Given data>
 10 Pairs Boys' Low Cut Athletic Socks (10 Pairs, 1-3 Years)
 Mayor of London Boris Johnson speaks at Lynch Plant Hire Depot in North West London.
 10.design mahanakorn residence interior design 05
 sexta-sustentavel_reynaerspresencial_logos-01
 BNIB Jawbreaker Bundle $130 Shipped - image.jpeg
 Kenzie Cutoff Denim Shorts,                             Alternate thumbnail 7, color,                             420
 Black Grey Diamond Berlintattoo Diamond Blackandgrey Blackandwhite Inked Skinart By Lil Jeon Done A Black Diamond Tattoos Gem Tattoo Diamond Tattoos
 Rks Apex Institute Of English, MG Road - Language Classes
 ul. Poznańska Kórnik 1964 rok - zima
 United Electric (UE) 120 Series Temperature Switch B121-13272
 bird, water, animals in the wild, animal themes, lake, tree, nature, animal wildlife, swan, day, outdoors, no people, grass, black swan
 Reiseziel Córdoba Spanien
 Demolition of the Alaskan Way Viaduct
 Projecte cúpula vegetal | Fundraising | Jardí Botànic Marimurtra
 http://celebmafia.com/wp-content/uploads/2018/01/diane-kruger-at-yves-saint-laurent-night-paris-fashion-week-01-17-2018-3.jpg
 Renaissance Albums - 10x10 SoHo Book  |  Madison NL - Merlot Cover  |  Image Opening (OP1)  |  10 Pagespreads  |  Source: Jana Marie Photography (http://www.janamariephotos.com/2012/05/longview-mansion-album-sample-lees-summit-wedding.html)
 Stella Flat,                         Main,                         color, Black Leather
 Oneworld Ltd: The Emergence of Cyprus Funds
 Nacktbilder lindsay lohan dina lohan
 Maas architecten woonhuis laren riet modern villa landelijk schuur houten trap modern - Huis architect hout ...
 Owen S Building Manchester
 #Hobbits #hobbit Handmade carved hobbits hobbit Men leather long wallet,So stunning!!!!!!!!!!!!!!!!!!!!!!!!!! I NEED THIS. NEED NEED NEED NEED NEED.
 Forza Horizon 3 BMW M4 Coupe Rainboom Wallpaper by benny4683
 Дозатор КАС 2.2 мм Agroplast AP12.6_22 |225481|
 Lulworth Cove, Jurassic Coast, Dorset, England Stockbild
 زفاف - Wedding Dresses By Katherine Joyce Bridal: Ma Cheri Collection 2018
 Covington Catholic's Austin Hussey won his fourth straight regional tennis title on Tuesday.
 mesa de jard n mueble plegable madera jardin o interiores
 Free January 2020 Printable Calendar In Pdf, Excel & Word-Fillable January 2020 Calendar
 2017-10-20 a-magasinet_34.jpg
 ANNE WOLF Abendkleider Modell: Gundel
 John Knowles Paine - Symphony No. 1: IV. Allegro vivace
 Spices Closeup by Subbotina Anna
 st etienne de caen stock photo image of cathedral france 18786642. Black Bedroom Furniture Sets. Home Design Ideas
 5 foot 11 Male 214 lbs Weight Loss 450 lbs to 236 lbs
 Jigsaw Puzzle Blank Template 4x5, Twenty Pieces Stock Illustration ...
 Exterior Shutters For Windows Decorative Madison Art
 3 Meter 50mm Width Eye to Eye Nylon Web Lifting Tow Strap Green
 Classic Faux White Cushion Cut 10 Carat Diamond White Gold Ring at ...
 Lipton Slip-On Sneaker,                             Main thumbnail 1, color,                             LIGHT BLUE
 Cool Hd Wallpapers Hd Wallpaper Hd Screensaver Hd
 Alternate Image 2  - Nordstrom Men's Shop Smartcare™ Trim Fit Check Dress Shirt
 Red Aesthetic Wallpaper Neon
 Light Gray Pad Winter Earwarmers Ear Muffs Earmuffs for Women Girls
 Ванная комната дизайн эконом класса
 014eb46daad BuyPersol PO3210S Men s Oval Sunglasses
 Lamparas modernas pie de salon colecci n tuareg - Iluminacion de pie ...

Work instruction>
Give back, exactly as written, the stretch from the line with "زفاف - Wedding" through the line with "Free January 2020", and no other lines from the records above.

Response area>
 زفاف - Wedding Dresses By Katherine Joyce Bridal: Ma Cheri Collection 2018
 Covington Catholic's Austin Hussey won his fourth straight regional tennis title on Tuesday.
 mesa de jard n mueble plegable madera jardin o interiores
 Free January 2020 Printable Calendar In Pdf, Excel & Word-Fillable January 2020 Calendar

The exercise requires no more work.